Avant l’intervention, le praticien réalise un examen clinique, souvent complété par un scanner ou une imagerie 3D. Ces examens permettent d’évaluer la forme de la racine, le volume osseux, la présence d’infection et les structures anatomiques à respecter.
Le jour de l’intervention, la dent est extraite avec le plus de conservation possible des tissus. L’implant est ensuite placé dans l’alvéole ou légèrement en arrière de celle-ci, selon le plan de traitement. Si nécessaire, un matériau de comblement peut être ajouté autour de l’implant pour soutenir la cicatrisation.
Selon le cas, une couronne provisoire peut être posée immédiatement, mais elle est parfois évitée pour ne pas solliciter trop tôt l’implant. La décision dépend de la stabilité obtenue et de la zone traitée.
Après la pose, une gêne, un gonflement modéré ou une sensibilité locale peuvent apparaître pendant quelques jours. Le praticien donne des consignes précises pour l’hygiène, l’alimentation et la prise éventuelle de médicaments.
La phase de cicatrisation osseuse peut prendre plusieurs semaines à plusieurs mois. Même si une dent provisoire est visible rapidement, la restauration définitive est souvent différée afin de respecter la biologie de l’implant.

L’implant immédiat est surtout envisagé chez des patients motivés, capables de suivre les consignes postopératoires et présentant une situation locale favorable. Il peut être particulièrement intéressant lorsqu’une dent antérieure doit être retirée et que l’on souhaite limiter la période sans solution visible.
En revanche, si la sécurité biologique semble moins favorable, un traitement en deux temps reste souvent la meilleure option.

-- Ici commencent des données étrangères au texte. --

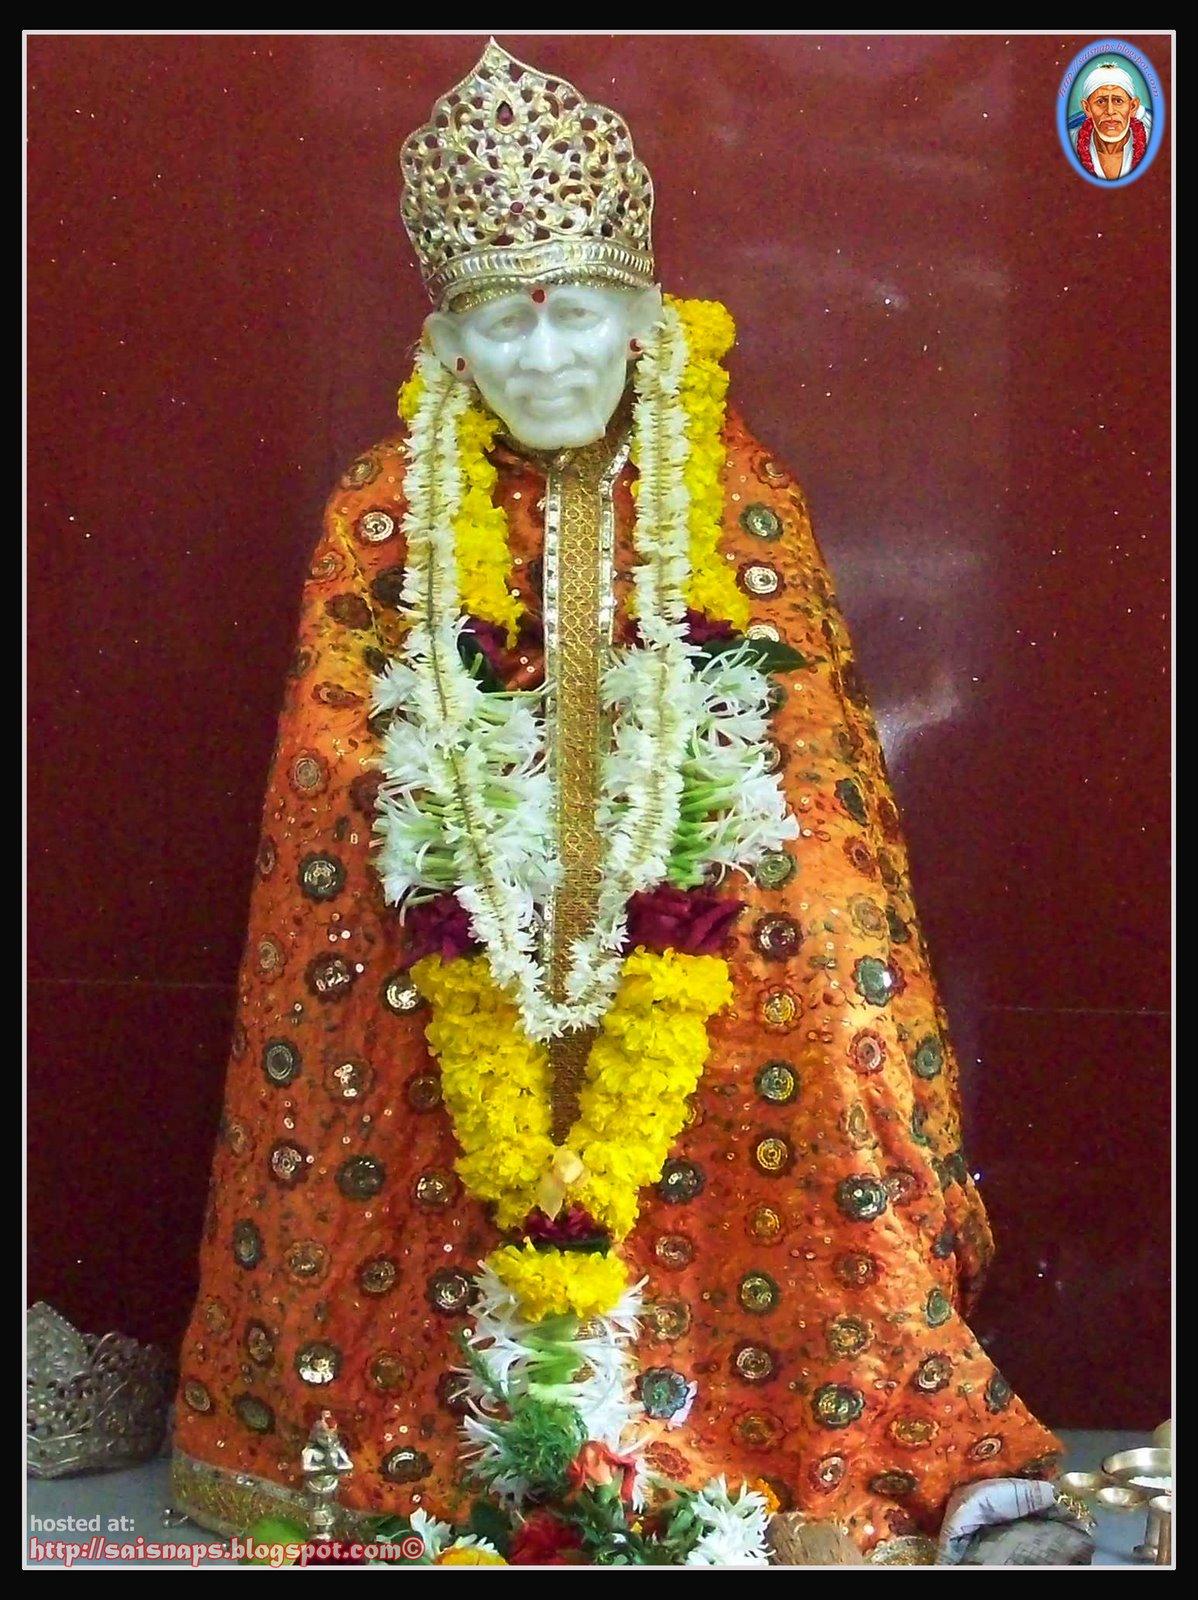 Sai Wallpaper: Shirdi Sai Baba Mandir, Sri Sai Bala Mitra ...

Le plus important est d’adapter la stratégie à chaque situation, et non de rechercher systématiquement la solution la plus rapide.
L’extraction et l’implant dentaire le même jour peuvent offrir un traitement plus simple et parfois plus esthétique, mais uniquement dans des conditions bien sélectionnées. Cette technique demande une évaluation précise, une bonne stabilité initiale et un contexte local favorable. La décision finale doit être prise avec un professionnel de santé dentaire après un bilan complet.
Non. La possibilité dépend de la dent concernée, de l’état de l’os, de l’absence ou du contrôle de l’infection et de la stabilité obtenue lors de la pose.
Pas forcément. Une dent provisoire peut être posée dans certains cas, mais elle peut aussi être différée si cela protège mieux l’implant pendant la cicatrisation.
Pas nécessairement. L’inconfort postopératoire varie selon l’intervention, la sensibilité individuelle et l’état des tissus. Le praticien prévoit des mesures adaptées pour limiter la douleur.
Le chirurgien-dentiste peut recommander de différer la pose, d’envisager une greffe ou de choisir un autre protocole plus sûr pour votre situation.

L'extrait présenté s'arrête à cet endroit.